Department of Neurology, Wayne State University, Detroit Medical Center, Detroit, MI, USA.
J Neurooncol. 2012 Jan;106(2):327-37. doi: 10.1007/s11060-011-0667-5. Epub 2011 Jul 24.
Plasma cell granuloma (PCG) is an uncommon non-neoplastic mass lesion of unknown etiology. It is characterized by a polyclonal proliferation of chronic inflammatory cells, mostly mature plasma and other mononuclear cells. PCGs arising in the central nervous system are particularly rare. We report two additional cases of intracranial PCG exclusively involving the brain parenchyma. A 47 year-old woman, presenting with partial motor seizures and fluent aphasia, underwent complete excision of a well-demarcated, enhancing left parietal mass. The second patient was a 56 year-old man presenting with headaches and right-sided weakness who underwent stereotactic biopsy of an ill-defined, heterogeneously enhancing lesion in the left basal ganglia. Immunohistochemical analysis of surgical specimens showed polyclonal plasma cells and mature lymphocytes but no etiological agent. A histopathologic diagnosis of intracranial PCG was made in both cases. PCG should be part of the differential diagnosis of enhancing mass lesions of the brain. The etiology and natural history of these tumor-like lesions is not fully understood. Complete surgical excision appears to be curative. Lesions where total resection is not possible may benefit from adjuvant treatment including corticosteroids and possibly radiation therapy.

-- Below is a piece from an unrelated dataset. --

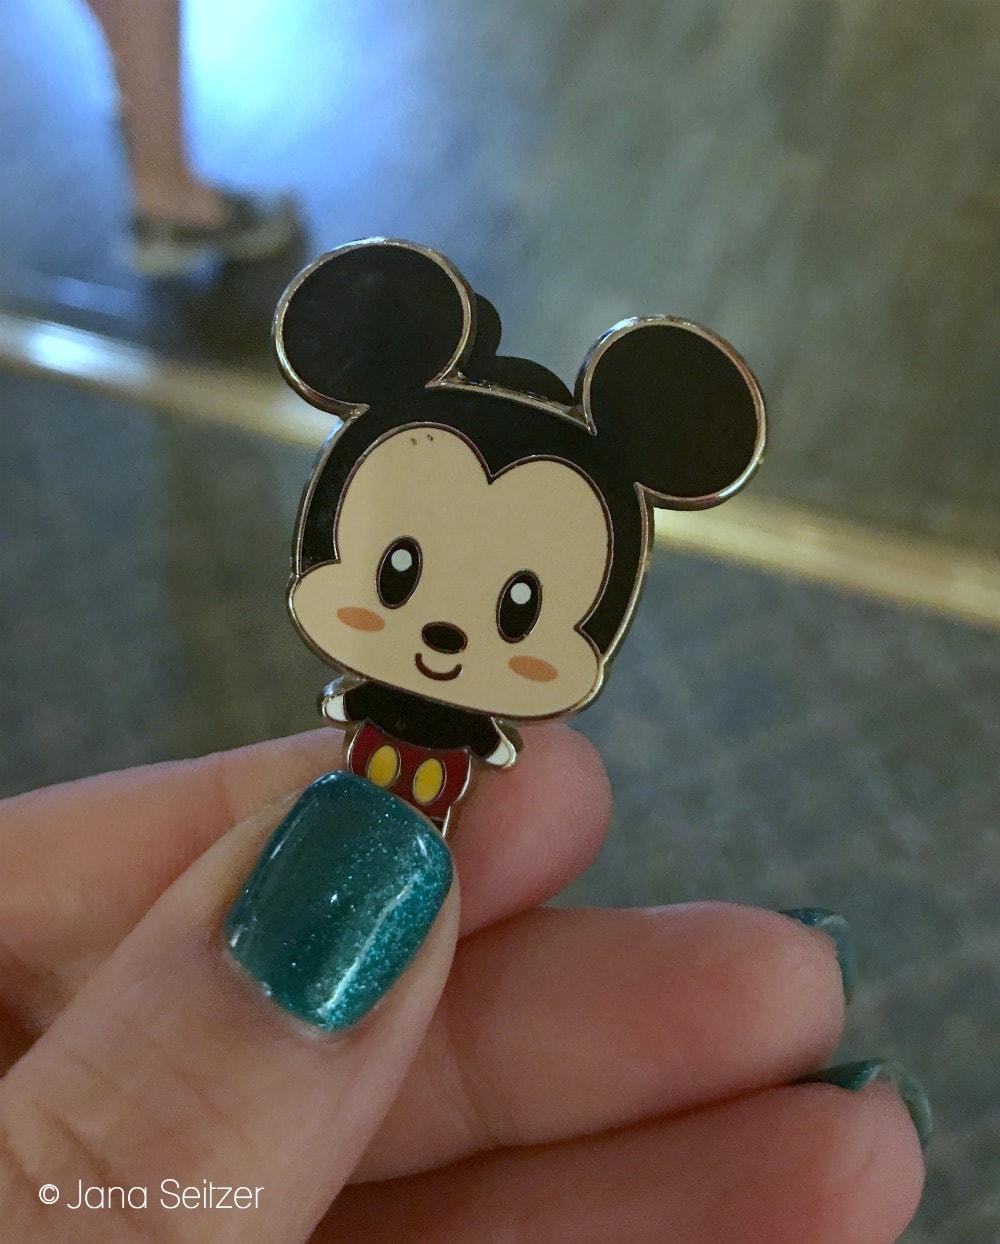 Beginner's Guide To Pin Trading at Disney World: Disney Pin Trading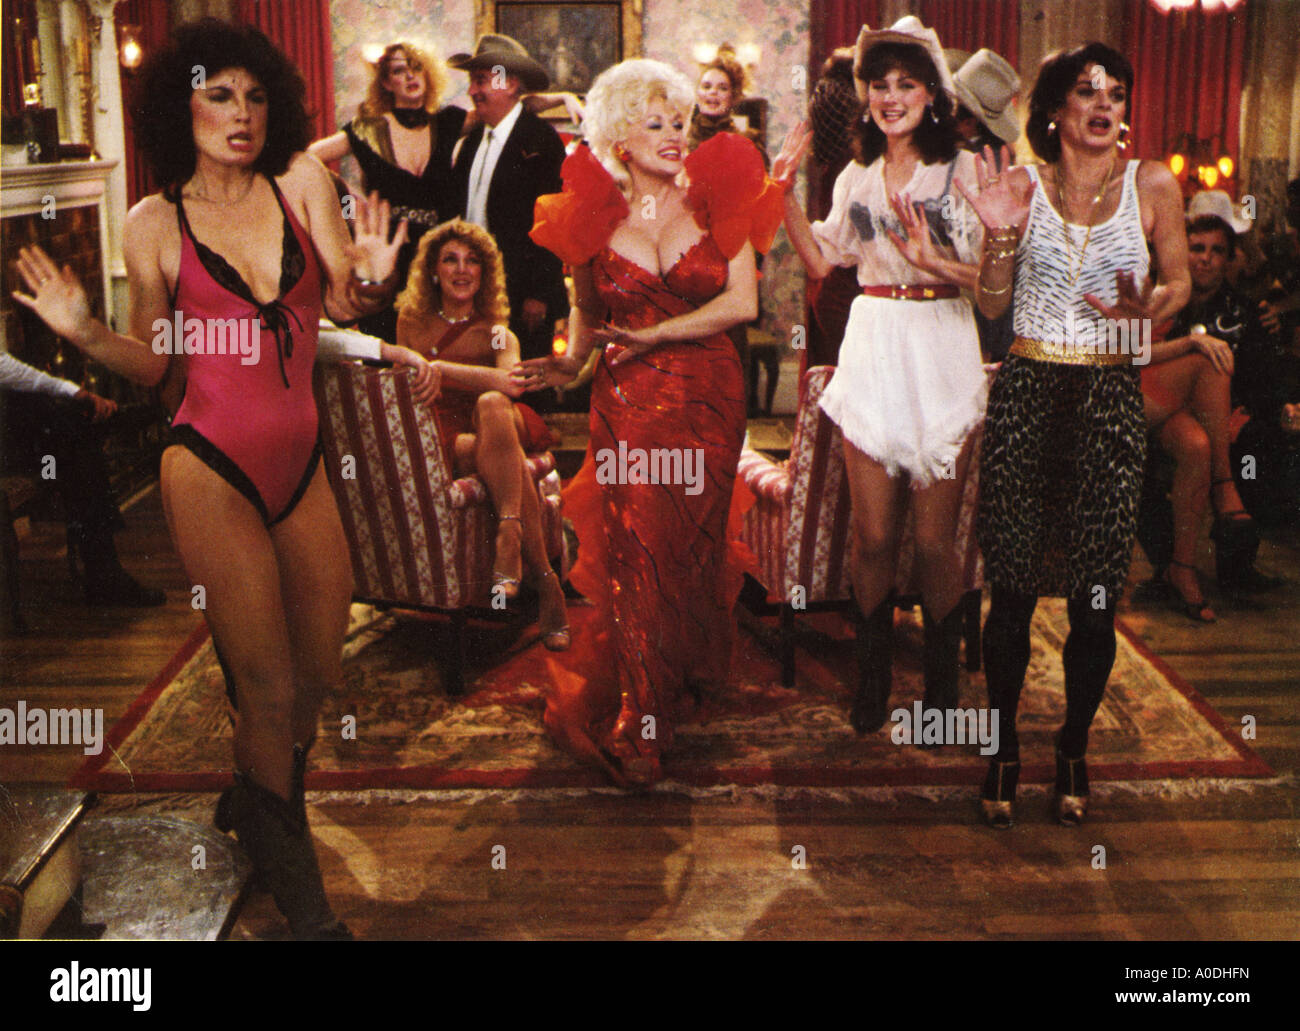 Whorehouse Texas Universal Film Dolly Parton Paper Doll Bar

浆细胞肉芽肿(PCG)是一种罕见的、病因不明的非肿瘤性肿块病变。其特征是慢性炎症细胞的多克隆增殖,主要为成熟浆细胞和其他单核细胞。中枢神经系统中的 PCG 尤其罕见。我们报告了另外两例仅累及脑实质的颅内 PCG。一例是 47 岁女性,表现为部分运动性癫痫发作和流利性失语,行完全切除界限清楚、增强的左顶叶肿块。第二例是 56 岁男性,表现为头痛和右侧无力,行左侧基底节区界限不清、不均匀增强病变的立体定向活检。手术标本的免疫组织化学分析显示多克隆浆细胞和成熟淋巴细胞,但无病因。两种情况下均作出颅内 PCG 的组织病理学诊断。PCG 应作为脑内增强肿块病变的鉴别诊断之一。这些肿瘤样病变的病因和自然病史尚未完全清楚。完全手术切除似乎是可治愈的。对于无法完全切除的病变,辅助治疗可能有益,包括皮质类固醇和可能的放射治疗。